3) no longer do tarball downloads from github, but do a git clone

This would protect us from any future change in the GitHub tarballs
download naming scheme. And after all, GitHub is a git hosting forge,
so let's use it for what it is.

The problems with that solution are two fold:
  - downloads might take more time than a tarball download, since a
    complete repository would probably be bigger than a single tarball;
  - we must use the http:// scheme for the URL (because, proxies), so
    all packages must now specify FOO_SITE_METHOD = git

Although the download time is not much of an issue, the way we are using
the github helper for now does not allow for setting more than one
variable.


In the end, solution 3 seems the most appropriate, and would require
just a bit of easy modifications:

  - tweaking the github helper to emit the repository URL instead of the
    tarball URL;

  - add FOO_SITE_METHOD to all packages.

The first one is trivial, and the second one is relatively easy with a
bit of 'find' and some clever 'sed' experession.

I have all setup and ready to implement solution 3, but before I do, I'd
like some feedback on those proposals, and if possible new proposals
that are easy to implement for the release.


Notes: I thought of a few other proposals, like:

  - define the github helper so that it emits the necessary variables:
        $(eval $(call github,user,repo))
    would expand to:
        FOO_SITE = https://github.com/user/repo
        FOO_SITE_METHOD = git

    That would allow us to introduce new types of forges, like gitorious
    of bitbucket.

    But that's not so nice, because so far we always relied on only
    setting variables, not generating Makefile code.

    Also, it implies changing all packages as well.

  - introduce new vriables to define a new semantic for the downloads:
        FOO_FORGE = github
        FOO_FORGE_PATH = /user/repo
    which would be interpreted by the pkg-download infra to generate the
    correct URL

    That would also allow us to add more forge-related handlers, like
    gitorious or bitbucket (others?), but is really diverging from the
    current semantics of the variables we already have.

    Also, it implies changing all packages as well.
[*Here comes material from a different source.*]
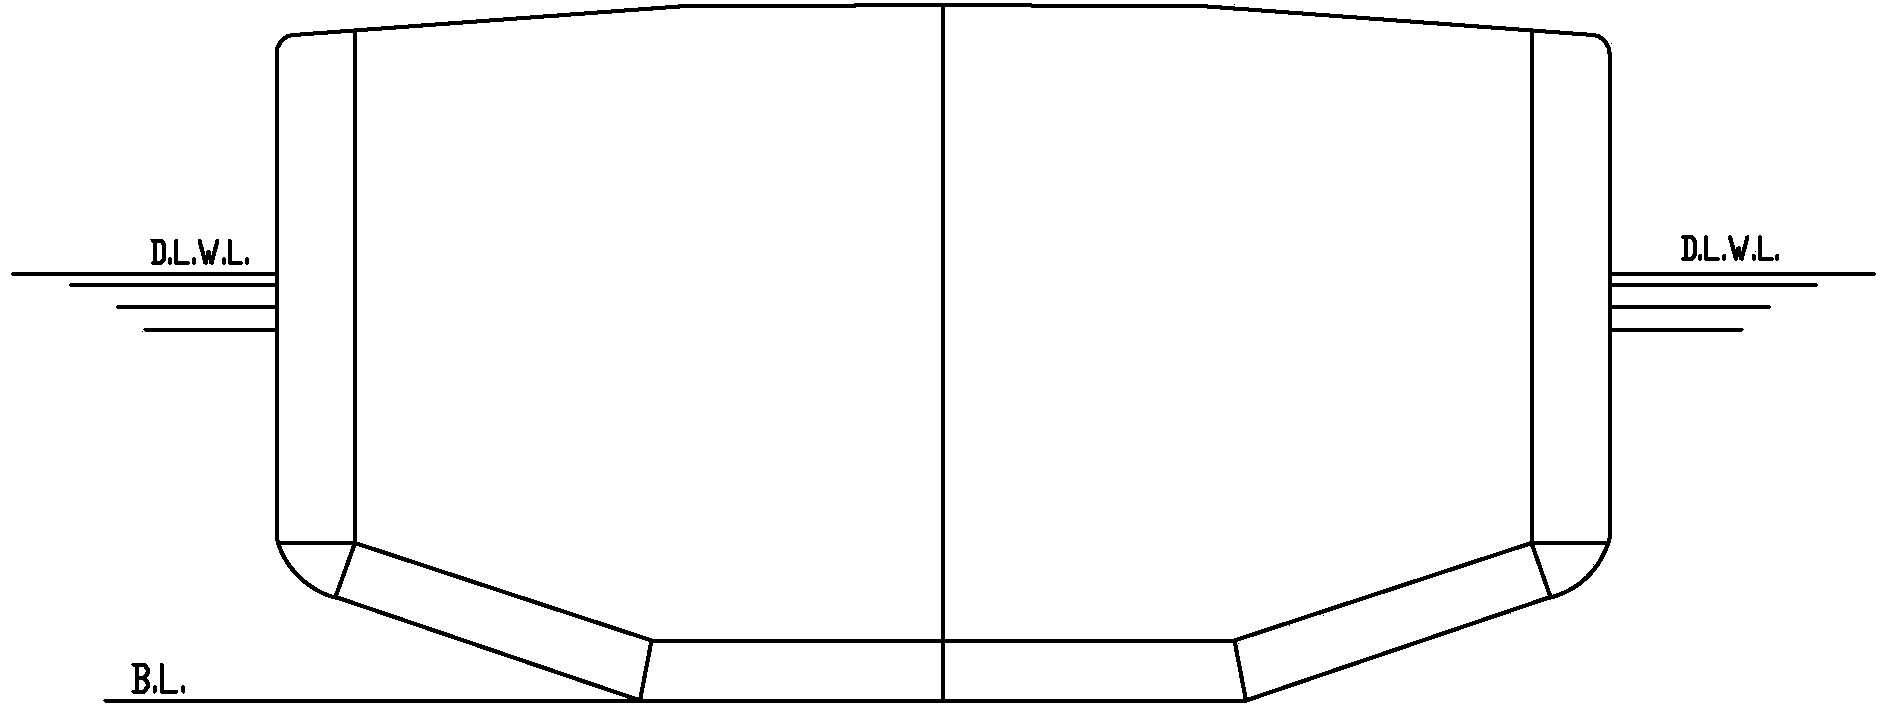 Slanted double-bottom and arc-bilge ship with inner bottoms aligned directly

So, we could not find a solution that would limit the changes to just the
github helper; all solutions we have for now imply touching all packages
hosted on GitHub.

Comments and suggestions most welcome! ;-)

Regards,
Yann E. MORIN.

-- 
.-----------------.--------------------.------------------.--------------------.
|  Yann E. MORIN  | Real-Time Embedded | /"\ ASCII RIBBON | Erics' conspiracy: |
| +33 662 376 056 | Software  Designer | \ / CAMPAIGN     |  ___               |
| +33 223 225 172 `------------.-------:  X  AGAINST      |  \e/  There is no  |
| http://ymorin.is-a-geek.org/ | _/*\_ | / \ HTML MAIL    |   v   conspiracy.  |
'------------------------------^-------^------------------^--------------------'

^ permalink raw reply	[flat|nested] 5+ messages in thread

* [Buildroot] github helper is broken
  2014-11-13 18:23 [Buildroot] github helper is broken Yann E. MORIN
@ 2014-11-13 19:43 ` Arnout Vandecappelle
  2014-11-13 19:54 ` Thomas De Schampheleire
  1 sibling, 0 replies; 5+ messages in thread
From: Arnout Vandecappelle @ 2014-11-13 19:43 UTC (permalink / raw)
  To: buildroot

On 13/11/14 19:23, Yann E. MORIN wrote:
> Hello All,
> 
> The github helper is now broken, because GitHub changed their download
> scheme, again.
> 
> The new scheme is:
>     https://github.com/USER/REPO/archive/VERSION.tar.gz
> 
> What is not-so-obvious in this new scheme, is that it omits the package
> name from the final component of the URU, so we can no longer rely on
> the default value of the FOO_SOURCE variable to construct the URL.
> 
> So we now have to set FOO_SOURCE explicitly, which was not needed so far,
> and set it to $(FOO_VERSION).tar.gz
> 
> But then, it means we would store tarballs named FOO_VERSION.tar.gz,
> which is not so nice in the end.
> 
> We've discussed this on IRC, and came to three main proposals:
> 
> 1) rely on the server to pass an appropriate content-disposition header
> with the filename.
> 
> Unfortunately, that's not doable in Buildroot:
>   - we need to know the filename prior to doing the download. We could
>     use a workaround by having wget do a HEAD fetch to just get the
>     filename;
>   - but then this would not work for off-line builds.
> 
> So this solution is a no-no.
> 
> 2) differentiate upstream tarball name from local tarball name
> 
> This introduces a new variable, like FOO_UPSTREAM_SOURCE, which besides
> not being nice, would require quite some work in the pkg-download infra,
> which is a bit risky that close to the release.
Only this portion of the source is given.